There is no denying the fact that today some of the most tedious and mundane tasks can be achieved through automation. Whether it is reliance on Roomba to clean your rugs or voice interaction with Alexa, robots have become a part of our day to day life, right from providing entertainment to investing money on our behalf. One such digital platform, known as robo advisor, also spelled as roboadvisor, typically provides automated investment advice and uses artificial information, or algorithms, to determine the financial situation and accordingly invest the client’s money, using nil or minimum human interference.
For both newcomers and retired professional investors, this once little-known financial gadget soon became a vital source of information on money management in most households. According to a survey by Statista, the market leader of reliable business data, it was estimated that the top Canadian robo advisor firms held assets worth US $8.1 billion in 2020, which is predicted to increase to US $16.6 billion by the end of 2023.
Robo-advisory industry and Covid-19
With the coronavirus befuddling even the most advanced countries of the world in 2020, the still fledging robo advisory market began facing new challenges. While there was a significant increase in customer base in the two years preceding it, there was hardly any penetration achieved in this field in 2020. What was expected to grow rapidly, got hampered by either due to a low level of financial literacy by the public or general mistrust in the financial institutions or both compounded by the pandemic.
Do it yourself trading became very popular all over the world after the onset of Covid-19 as people felt that it was a good way to make up for the income loss due to the pandemic. Additionally, with more time on hand people began trying out things which they would never have thought of in normal times. No doubt, in those tumultuous times there were winners and losers, but things began to backfire as investors started spending too much time attempting to predict a future which is till today very unpredictable.
While the coronavirus sent the globe in a frenzy and impacted the whole human race negatively, the robo-advisory industry proved its worth with a massive surge in signups like never before. In the first four months of 2020, account numbers soared 3.1% across all providers, which was an all time high.
Individually, platforms such as Vanguard, reported a growth of 14% in assets and an impressive 35% in the number of customers. As the equity market went down on its knees, the DIY investors relied more and more on the advice of the automated robot advisors, rather than their own knowledge and experience which had already been shaken by the pandemic. Additionally, robo advisors offered a slew of advantages over the traditional modes of investment, such as:
- Unfazed by emotions.
- Investment in stable companies.
- Long-term investment duration
- Constant re-evaluation
- Low fees.
Are Robots the future or fad?
Critics continue to be skeptical whether technology and algorithms can replace human advisors totally, irrespective of their stellar reputation as a low-cost and efficient finance management tool. While robo advisory has been touted by some as a game-changer in the world of investment, others consider it will run out of steam as soon as they hit a plateau they cannot climb.
The detractors will have valid arguments as to how a machine could get a grasp of the nuances of successful investing, without the help of a human advisor who can better understand the clients through personal contact. After all, a robo has no office where a client could just walk in and interact with a financial advisor.
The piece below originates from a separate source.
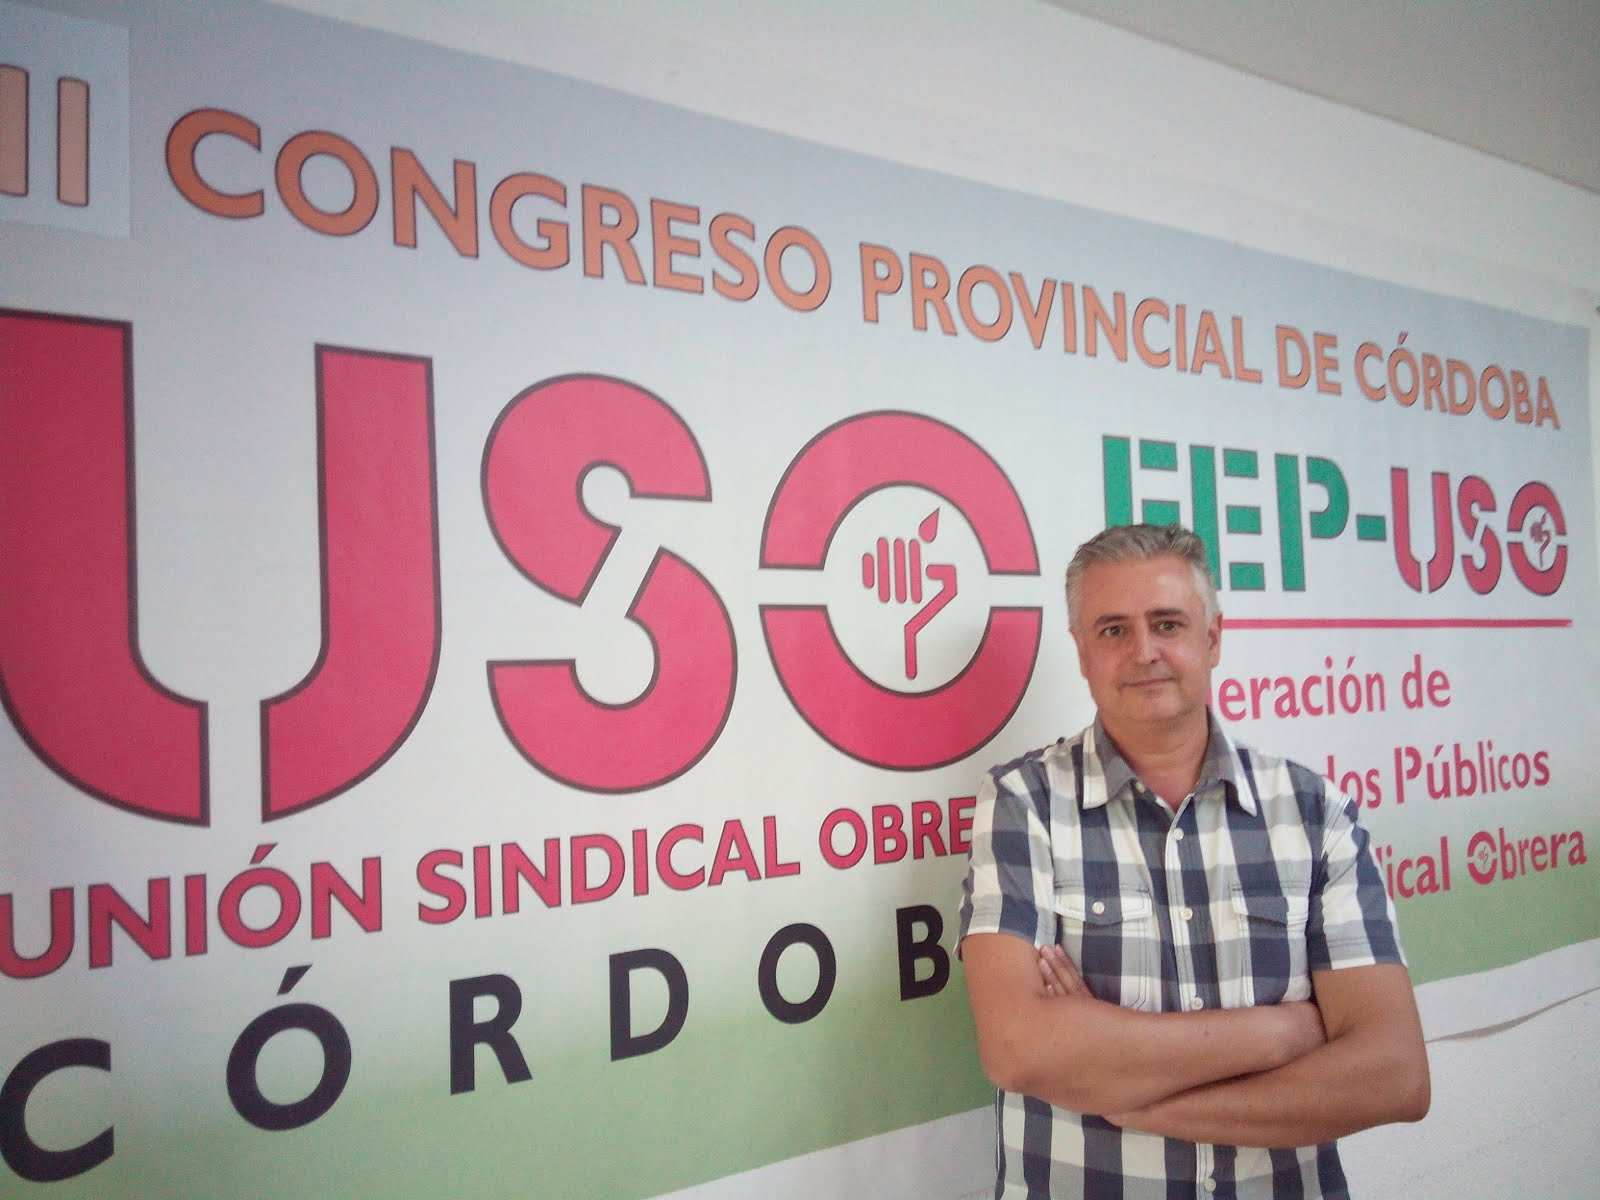 Bienvenida del Secretario General FEP-USO Córdoba.

So the question is how will the robo advisors be able to sustain themselves if people are not willing for machines to take care of their money?
There is no doubt that at the onset of the coronavirus pandemic, the whole robo market experienced a big dip as investor’s were unwilling to put money in unstable assets, but by the end of 2020 robo advisors aptly demonstrated positive records in performance as many new retail investors gave it a go to digital wealth management.
To further combat the missing element of human interaction, especially through Covid-19, when markets were fluctuating dramatically, many top robo advisor companies, such as Vanguard and Betterment, introduced a form of hybrid service which offered the customer the option to add human advice along with the digital advice. For those investors who craved for support from a real life advisor this was a novel way of providing peace of mind they desperately wanted.
Time is in favor of the robo advisory sector because with the advancement of technology, more and more from the younger generation will be able to amass wealth. According to a survey conducted by Global X, a fund management agency, one in five millennials are happy to invest their funds with a robo advisor.
With the introduction of hybrid services, firstly there is plenty of room for robo space to grow. In the coming future, this is likely to be modified and become even more sophisticated. Secondly, research further indicates that as millennials will form a major part of the investing population, many robo advising platforms will latch on to this trend and exclusively market themselves to the millennial investors.
One last word
Since their launch more than a decade back, the global robo advisor industry has managed assets worth around $460 billion in 2020 alone and are further expected to touch the $1.2 trillion mark by 2024. Initially investors had two ways of managing their wealth, either through a broker or a finance specialist.
With the merging of professional wealth management with an all-digital application, a third option in the form of robo advisors quickly rose to prominence. So even though some believe that algorithms can do a better job than humans, critics do not agree that robo advisors can be a viable substitute to human advisors totally in the years to come.